50/50 in time spent is an interesting viewpoint. The social media aspect of finding homes for my art can seem daunting yet necessary to maintain motivation for creating. Thank you for putting a boundary around it.
Every time I am painting I ponder all these questions to myself. I have become a reclusive painter in the last few years instead of a “social painter” who didn’t put anything on canvas without it being scrutinized by fellow painters on some level. I wouldn’t consider myself painting in obscurity since what I paint does get put on the market. Perhaps people do remember me, not sure, I cancelled out of social media and never go anywhere, not pandemic reasons, just how life is now. I feel a sense of calm in knowing I paint for the physical me now, and not the ego image me. Not competing against others. Not painting to hope to walk across a stage and get a trophy. Nope, in the musically set studio I take a deep breath and let the painting take me to where ever it must go. So much better. Great letter, Sara, thank you!!

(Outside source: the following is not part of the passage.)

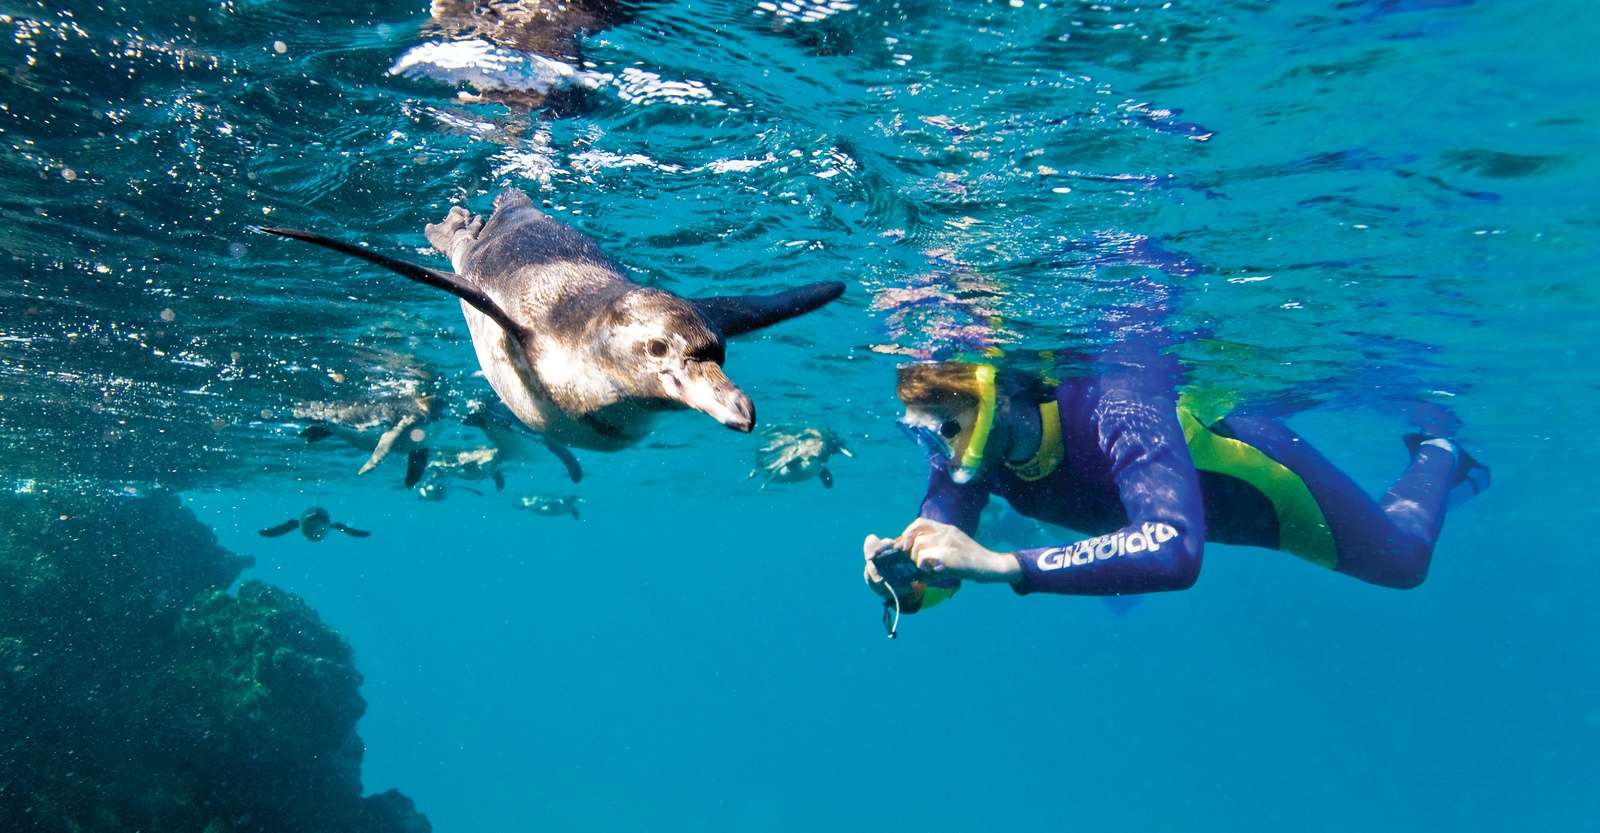 Nat Hab guest snorkeling with Galapagos penguins, Isabela Island, Galapagos, Ecuador.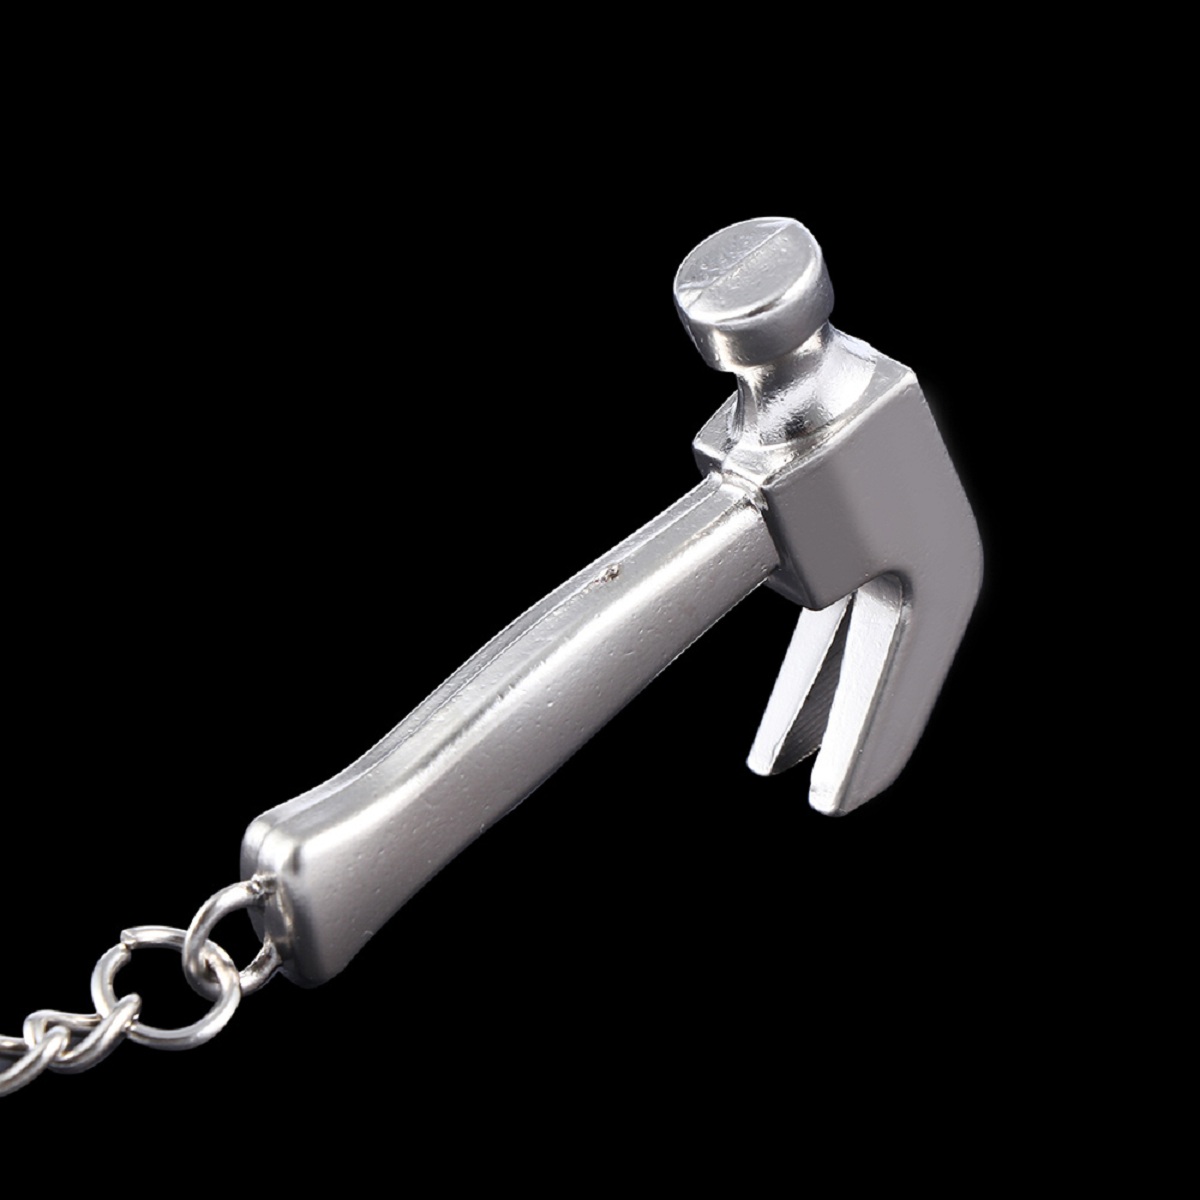 Mini-Tool-Corner-Hammer-Tool-Keychain-High-Quality-Alloy-Creative-Tools-Keychains-1550701

No more market place for me. Not too successful there as I was never comfortable with it . Now I paint for me alone and it is just fine. Freeing in fact. Do like to share with friends and family.
I have been painting and illustrating for 20 years and this year have gone back into my studio to explore sculpting. I am in my 50s and feel that it will to ake many more years for me to be where I want to be artistically and that’s ok. This article offers validation of my quiet work in my own relative darkness. I do hope to have my art recognized in time. My mother lives to be 93;years old and I hope to have many years ahead to play and explore.